● **Dataset section**:
* * *
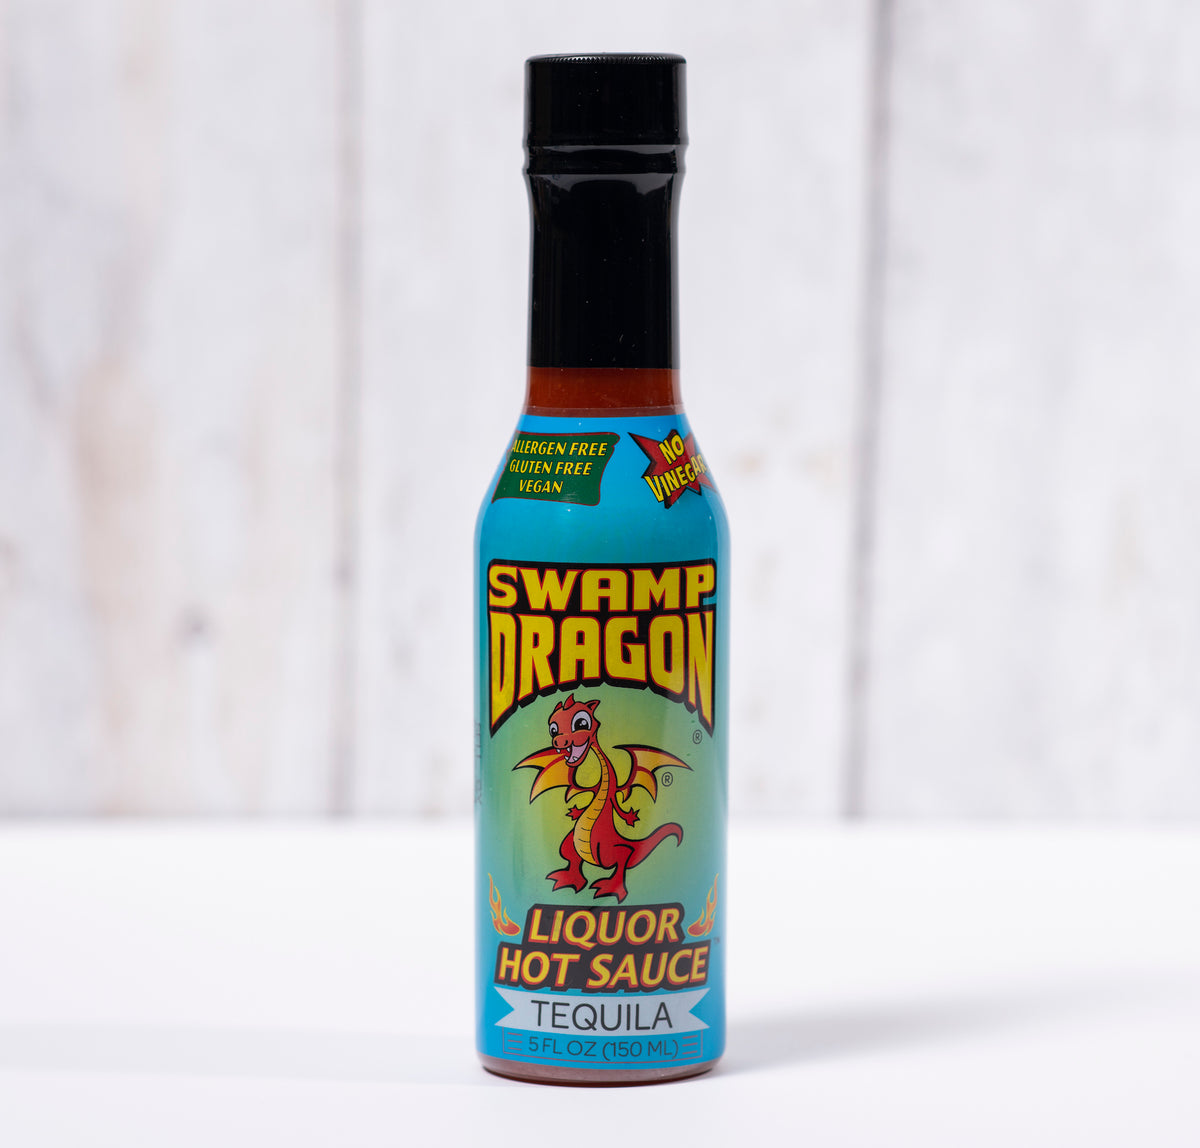 5 ounce bottle of Swamp Dragon Tequila Hot Sauce
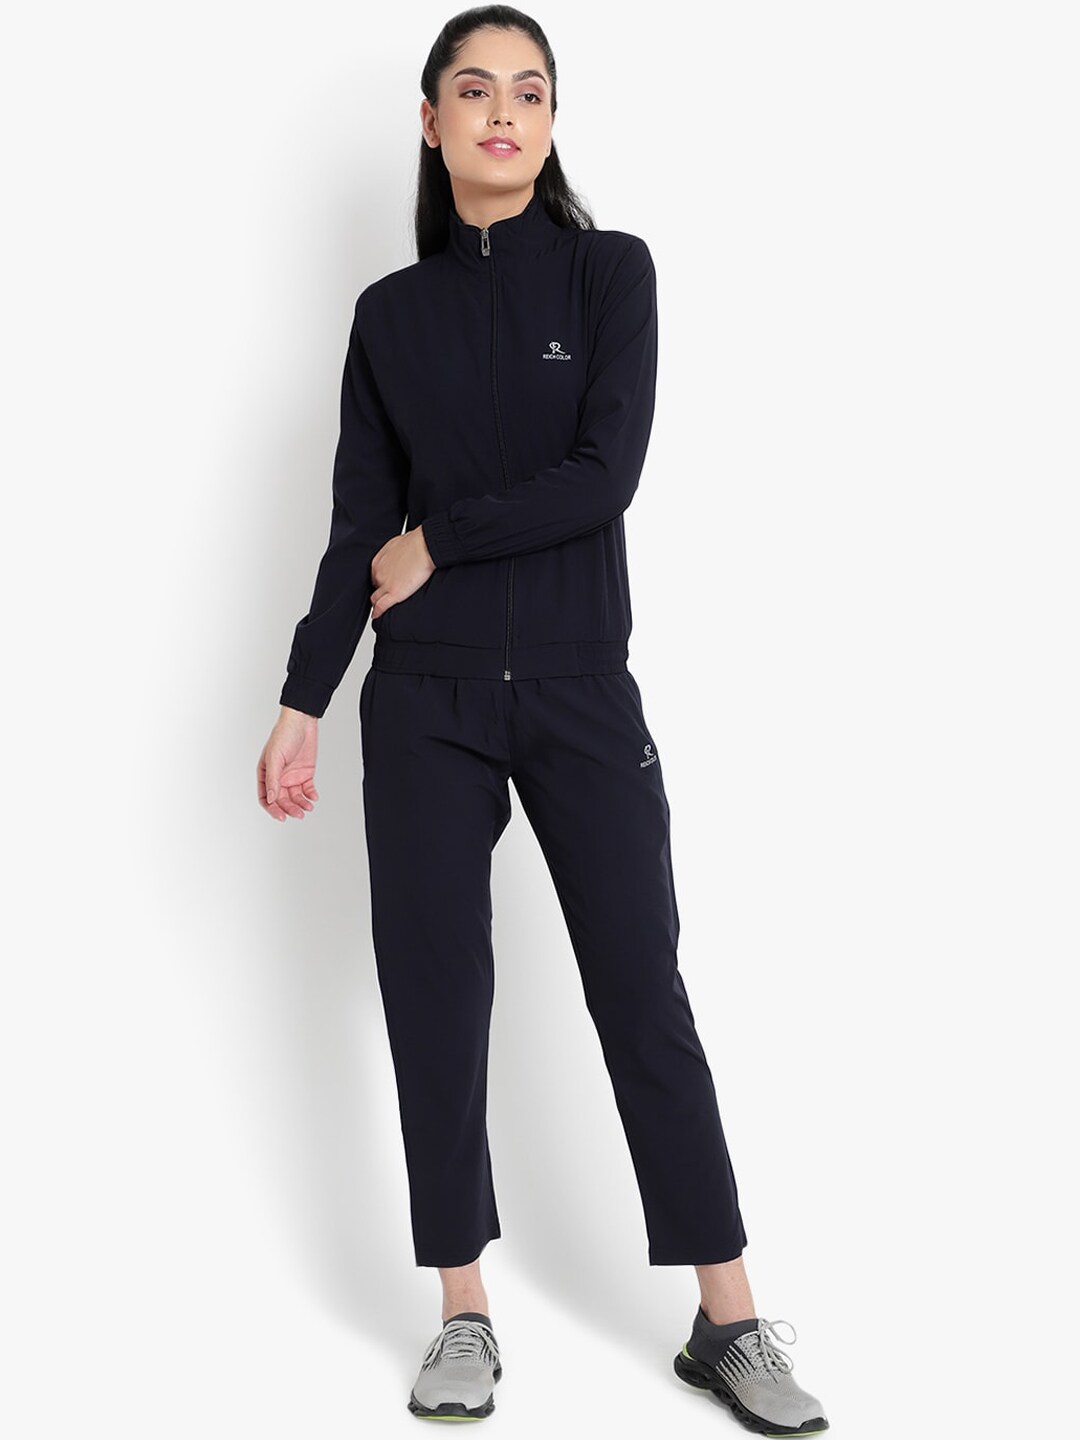 Reich Color Women Navy Blue Solid Slim Fit Track Suit Price in India
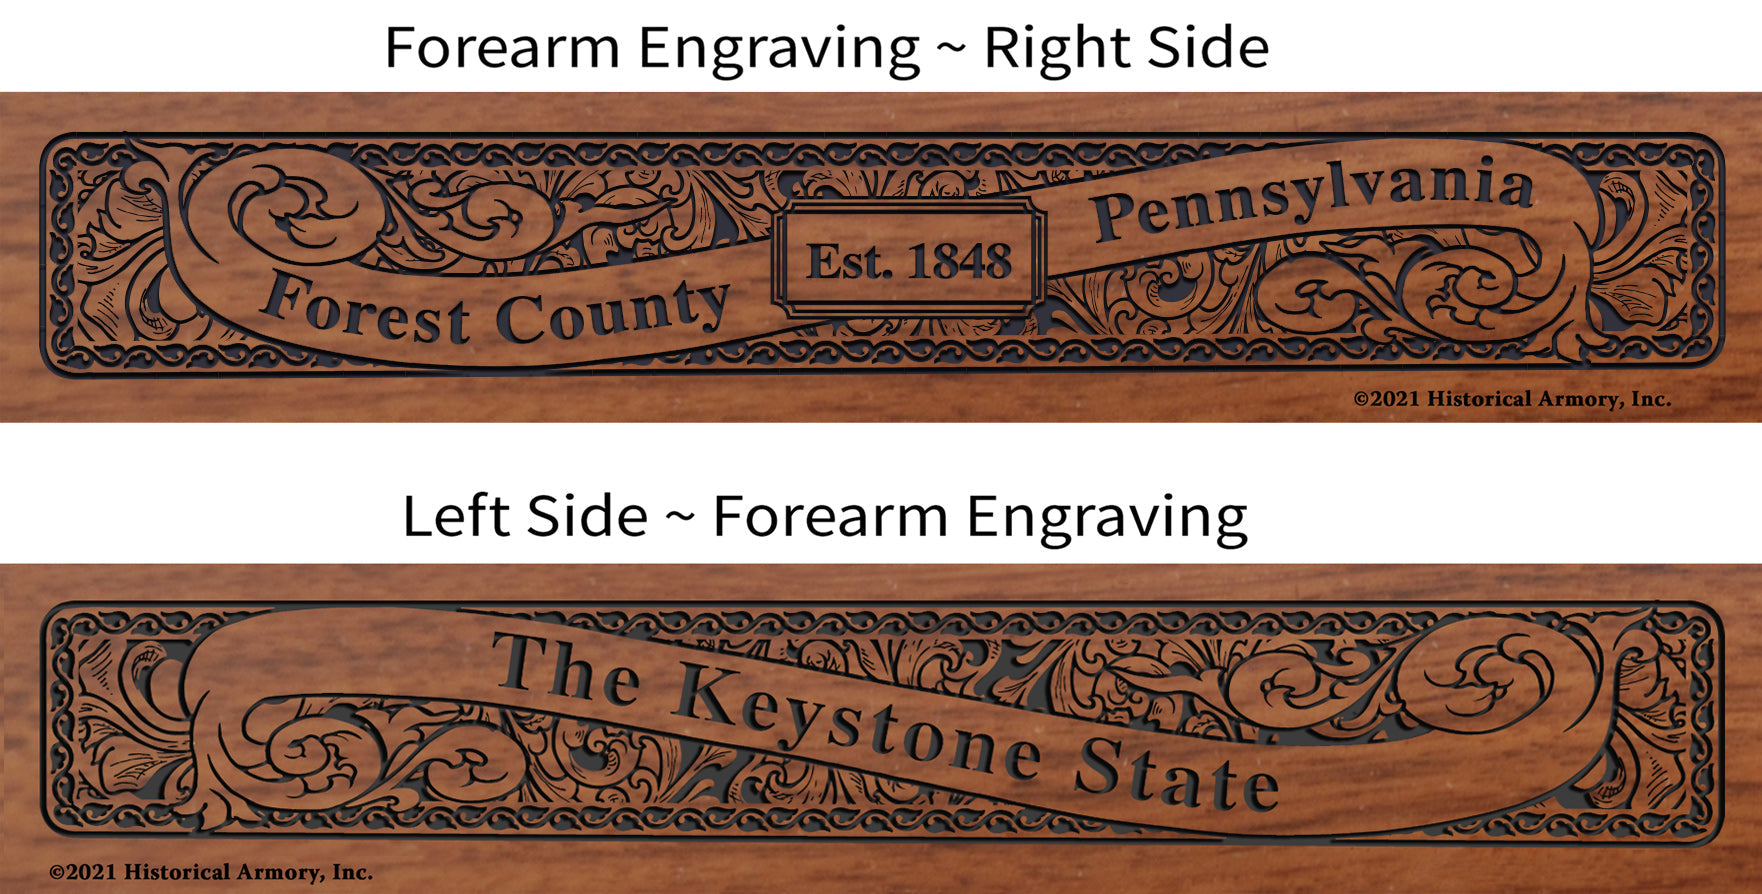 Forest County Pennsylvania Engraved Rifle Forearm
* * *
● **What to work on**:
Would you copy out every line of the data above exactly, minus the pictures?

● **Reply to the task**:
 5 ounce bottle of Swamp Dragon Tequila Hot Sauce
 Reich Color Women Navy Blue Solid Slim Fit Track Suit Price in India
 Forest County Pennsylvania Engraved Rifle Forearm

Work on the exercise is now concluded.